ASSIGNMENT: Go through the entries below from the first line and transcribe each one exactly, ending with the line that contains "Konica Minolta Bizhub".

Start of STORED DATA

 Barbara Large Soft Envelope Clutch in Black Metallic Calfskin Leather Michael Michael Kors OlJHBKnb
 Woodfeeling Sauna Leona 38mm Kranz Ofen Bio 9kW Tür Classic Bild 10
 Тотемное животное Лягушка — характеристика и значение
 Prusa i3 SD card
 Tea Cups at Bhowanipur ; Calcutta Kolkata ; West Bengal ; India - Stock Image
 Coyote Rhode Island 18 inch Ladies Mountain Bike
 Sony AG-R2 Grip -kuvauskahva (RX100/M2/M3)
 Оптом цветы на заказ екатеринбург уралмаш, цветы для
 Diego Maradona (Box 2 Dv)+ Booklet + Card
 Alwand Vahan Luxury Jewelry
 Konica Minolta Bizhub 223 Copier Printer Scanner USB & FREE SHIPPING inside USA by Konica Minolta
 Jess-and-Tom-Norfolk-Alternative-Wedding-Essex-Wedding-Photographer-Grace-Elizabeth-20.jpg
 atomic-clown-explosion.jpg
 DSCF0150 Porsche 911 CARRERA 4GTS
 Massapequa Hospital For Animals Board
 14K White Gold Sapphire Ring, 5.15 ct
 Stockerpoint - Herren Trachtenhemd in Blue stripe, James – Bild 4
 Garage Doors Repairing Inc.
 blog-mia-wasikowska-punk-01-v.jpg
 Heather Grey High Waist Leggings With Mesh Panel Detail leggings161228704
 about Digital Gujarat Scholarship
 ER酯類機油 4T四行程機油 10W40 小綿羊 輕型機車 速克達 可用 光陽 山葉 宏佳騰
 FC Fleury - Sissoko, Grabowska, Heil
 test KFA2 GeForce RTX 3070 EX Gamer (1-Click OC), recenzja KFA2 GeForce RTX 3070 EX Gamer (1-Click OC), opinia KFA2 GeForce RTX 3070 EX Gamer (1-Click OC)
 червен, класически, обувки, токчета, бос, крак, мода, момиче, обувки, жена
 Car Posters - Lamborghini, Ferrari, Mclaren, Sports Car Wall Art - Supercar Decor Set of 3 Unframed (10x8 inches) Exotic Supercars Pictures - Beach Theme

End of STORED DATA

TASK RESULT:
 Barbara Large Soft Envelope Clutch in Black Metallic Calfskin Leather Michael Michael Kors OlJHBKnb
 Woodfeeling Sauna Leona 38mm Kranz Ofen Bio 9kW Tür Classic Bild 10
 Тотемное животное Лягушка — характеристика и значение
 Prusa i3 SD card
 Tea Cups at Bhowanipur ; Calcutta Kolkata ; West Bengal ; India - Stock Image
 Coyote Rhode Island 18 inch Ladies Mountain Bike
 Sony AG-R2 Grip -kuvauskahva (RX100/M2/M3)
 Оптом цветы на заказ екатеринбург уралмаш, цветы для
 Diego Maradona (Box 2 Dv)+ Booklet + Card
 Alwand Vahan Luxury Jewelry
 Konica Minolta Bizhub 223 Copier Printer Scanner USB & FREE SHIPPING inside USA by Konica Minolta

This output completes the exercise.